# Mise à jour 4.2 (IOS 4.3) et Tags des films / séries



## Laurent Fignon (13 Mars 2011)

Petit test de la dernière version de l'OS de l'Apple TV 2... et une nouvelle fois Apple a modifié les TAGs des films/séries...

Auparavant, l'AppleTV rajoutait toute seule les tags HD devant les films/séries en 720p encodés avec HandBrake... C'est fini...

Idem, auparavant il suffisait de remplir le champs "Description" pour avoir accès à un petit résumé du film ou de l'épisode sous la photo de présentation sur l'AppleTV ; c'est terminé également...

Ce n'est rien que la quatrième fois qu'ils modifient ces champs...  Commencent vraiment à faire <censurer> ... car obligé de passer maintenant par un logiciel dédié style iSubtitle, etc...

Laurent F


----------



## iDanGener (22 Avril 2011)

Bonjour,

Moi aussi ça me désole beaucoup que ces résumés que l'on indiquait dans le champs description ne s'affichent plus sous le firmware 4.3.1.

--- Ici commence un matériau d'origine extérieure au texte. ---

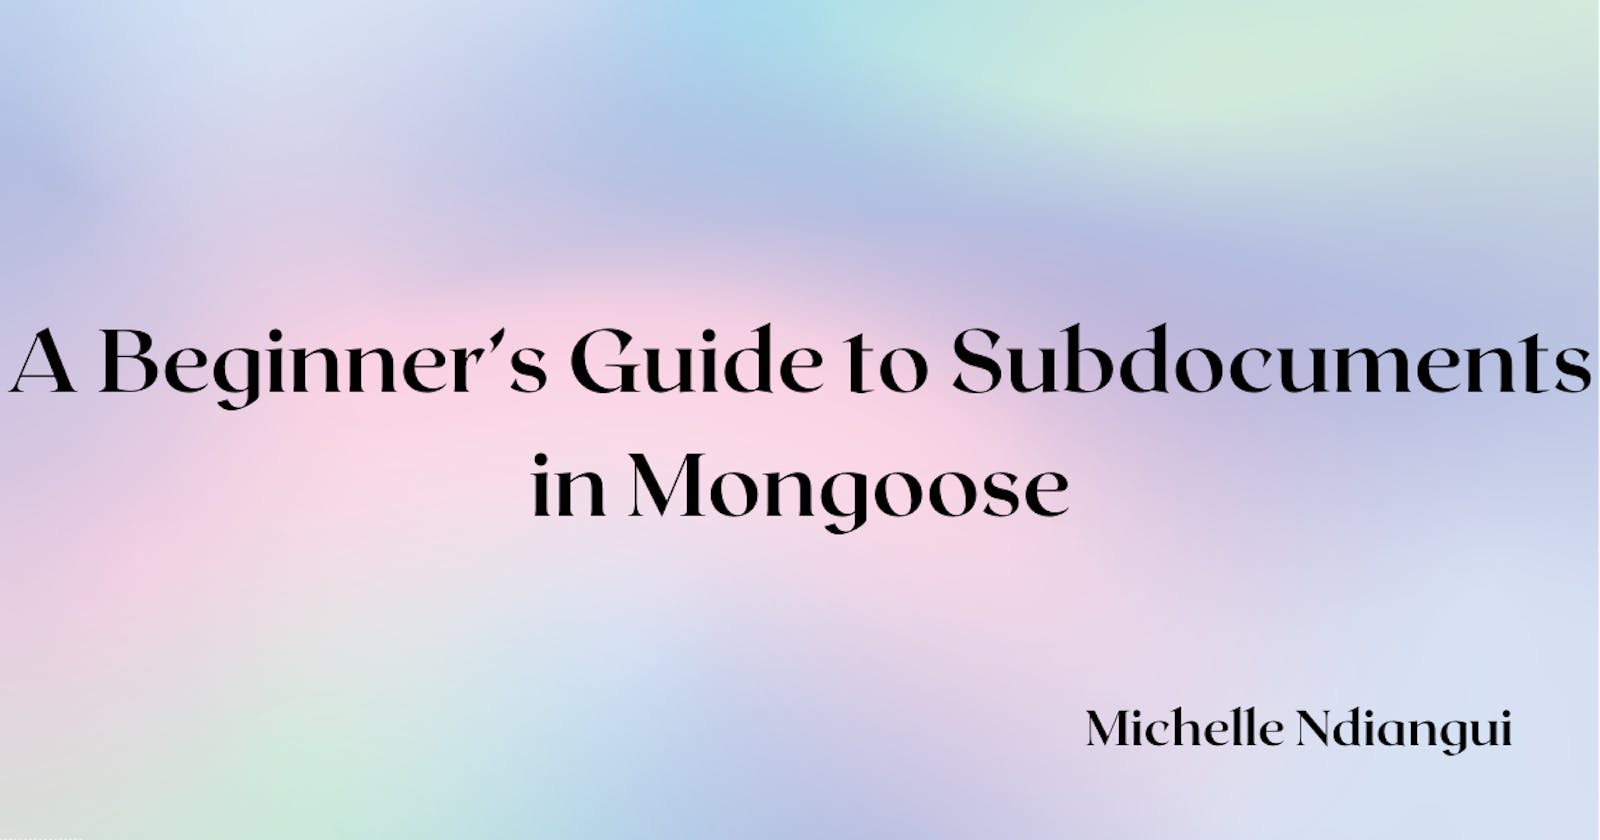 A Beginner's Guide to Subdocuments in Mongoose
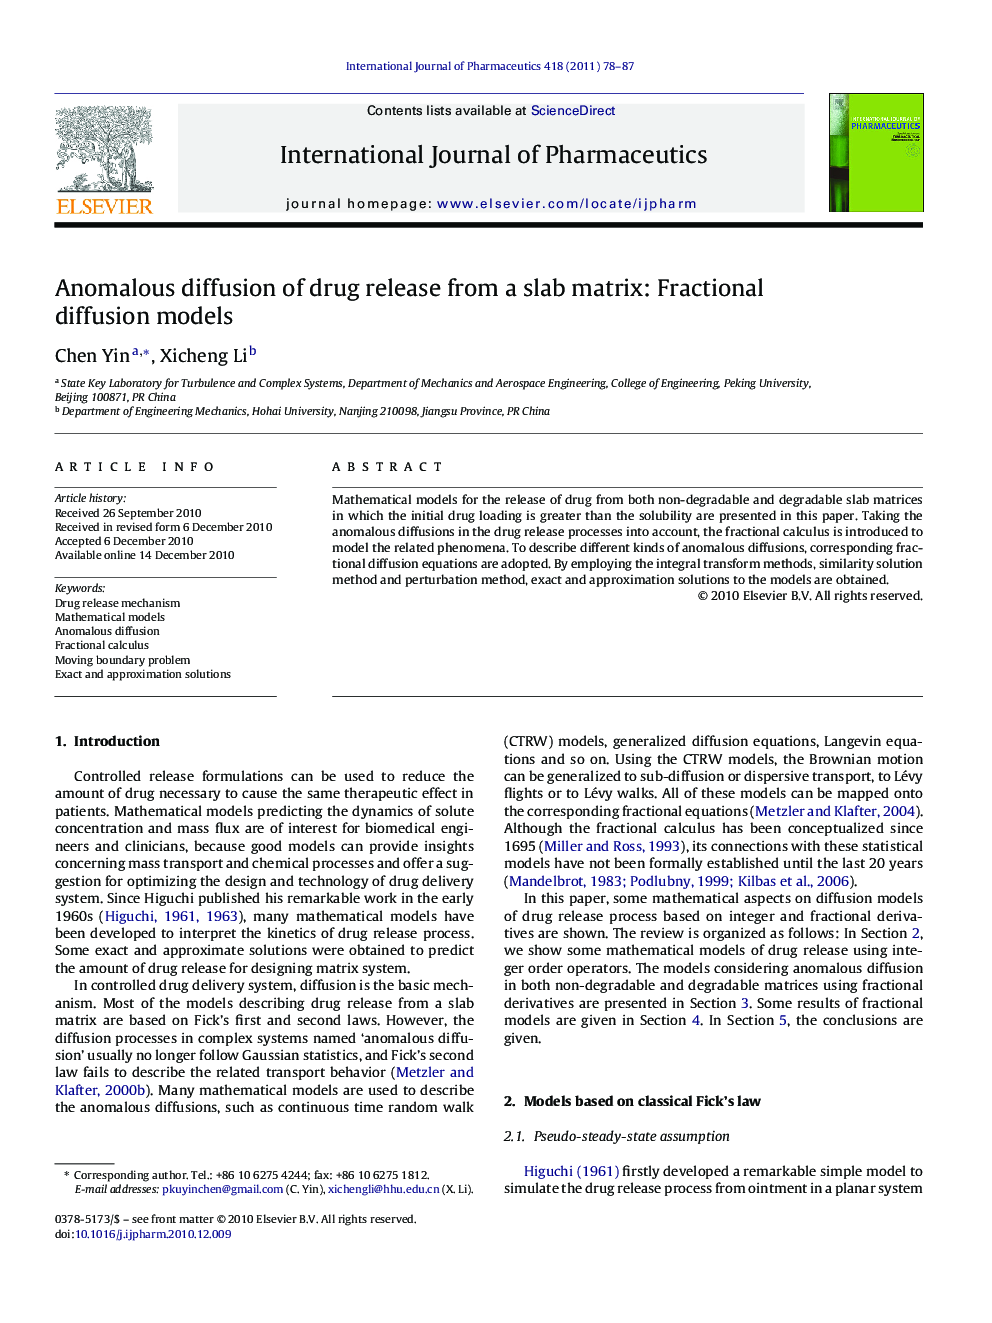 Anomalous diffusion of drug release from a slab matrix: Fractional diffusion models

Mais je n'ai pas bien compris la fin de votre message; avez-vous trouvé le moyen d'afficher de petits résumés au bas des photos de présentation à l'aide d'un logiciel?  Quel champ faut-il maintenant renseigner?

Merci

Daniel


----------



## Laurent Fignon (11 Mai 2011)

La dernière mise à jour iOS 4.2.2 pour AppleTV 2G règle ce problème !
Les TAG sont à nouveau lisibles !

Merci Apple !



Laurent F


----------